Аналогичная подготовка к свержению монархии, ее дискредитации в глазах народа происходила в XIX веке в России.
И опять главную роль в расшатывании государственных основ играла литературная «интеллигенция». Проповедуемые ею атеизм и ненависть к религии, самодержавию, культурным традициям, обычаям русского народа подрывали духовно-нравственные основы российского общества.
«Русские революционеры-демократы не понимали величайших государственных трудностей, создаваемых русским пространством, — рассказывает писатель, публицист, философ Иван Ильин, — русским климатом и ничтожной плотностью русского населения. Они совершенно не разумели того, что русский народ является носителем порядка, христианства, культуры и государственности среди своих многонациональных и многоязычных сограждан. Они не желали считаться с суровостью русского исторического бремени (на три года жизни — два года оборонительной войны) и хотели только использовать для своих целей накопившиеся в народе утомление, горечь и протест. Они не понимали того, что государственность строится и держится живым народным правосознанием и что русское национальное правосознание держится на двух основах — на православии и на вере в царя. Как «просвещенные» неверы, они совершенно не видели драгоценного своеобразия русского православия, не понимали его мирового смысла и его творческого значения для всей русской культуры…
На этой политической близорукости, на этом доктринерстве, на этой безответственности была построена вся программа и тактика русских революционных партий. Они наивно и глупо верили в политический произвол и не видели иррациональной органичности русской истории и жизни».
Одним из первых идейных борцов с «проклятым царизмом», мечтавшим «похоронить самодержавие», был Петр Яковлевич Чаадаев, создатель «Философических писем», в которых он заявил о неполноценности русского народа и всей России. «Все народы мира выработали определенные идеи. Это идеи долга, закона, права, порядка… Мы ничего не выдумали сами и из всего, что выдумано другими, заимствовали только обманчивую наружность и бесполезную роскошь». И виновно в этом, по мнению Чаадаева, православие. Если бы Россия приняла католицизм, все было бы «как у них». Чаадаев послужил прообразом Смердякова в романе Достоевского «Братья Карамазовы»: «я всю Россию ненавижу», «желаю уничтожения всех солдат», «…как было бы хорошо, если бы в 1812 году умная нация французская покорила бы глупую нацию русскую и присоединила к себе…».

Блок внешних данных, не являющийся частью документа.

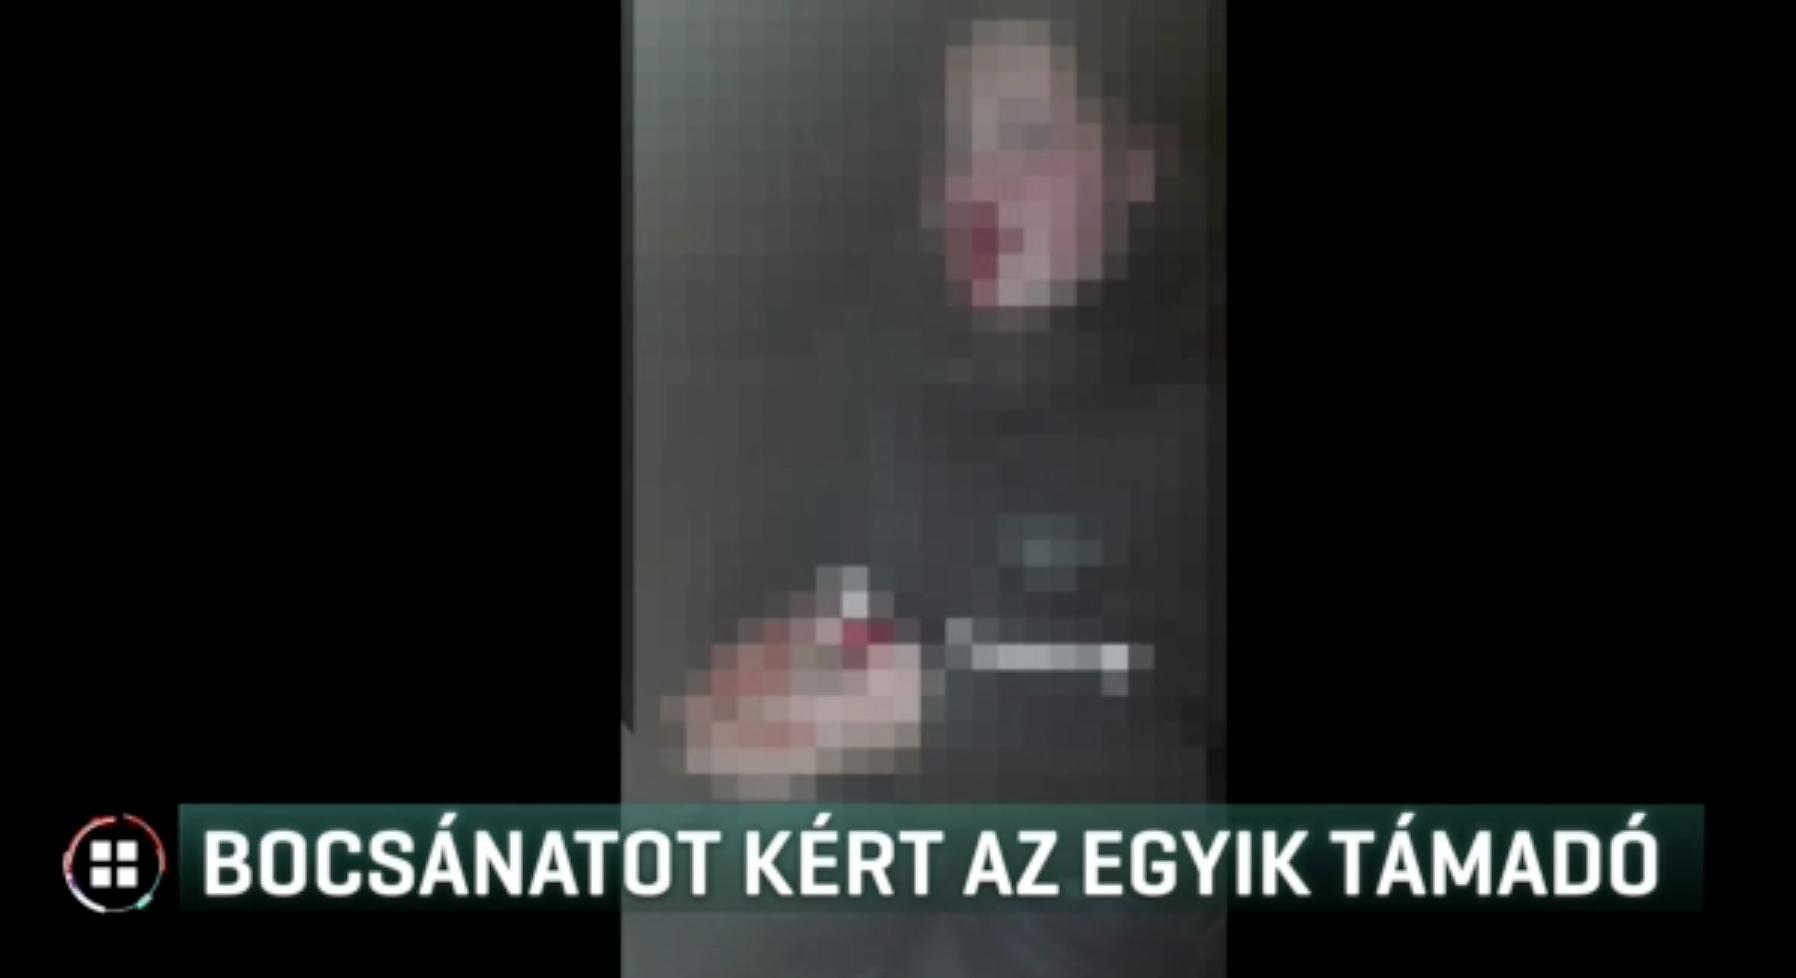 Bocsánatot kért a Nádudvaron megvert és megalázott lány egyik támadója

Пушкин, видевший, как много людей в начале XIX века одурачено масонской пропагандой, писал: «Гордиться славою своих предков не только можно, но и дóлжно; не уважать оной есть постыдное малодушие»; «Простительно выходцу не любить ни русских, ни России, ни истории ее, ни славы ее. Но не похвально ему за русскую ласку марать грязью священные страницы наших летописей, поносить лучших сограждан и, не довольствуясь современниками, издеваться над гробами прáотцев».
Главной заботой революционных демократов был якобы «забитый русский народ», «стонущий под гнетом крепостничества», который, как призывал революционер А. Герцен, следовало «немедленно освободить», а также «разрушить все верования, разрушить все предрассудки, поднять руку на прежние идолы, без снисхождения и жалости»!
Однако, уезжая в Лондон, этот «пламенный борец» за свободу народа своих собственных крепостных крестьян не освободил, а продал! Как и его друг Н. Огарев.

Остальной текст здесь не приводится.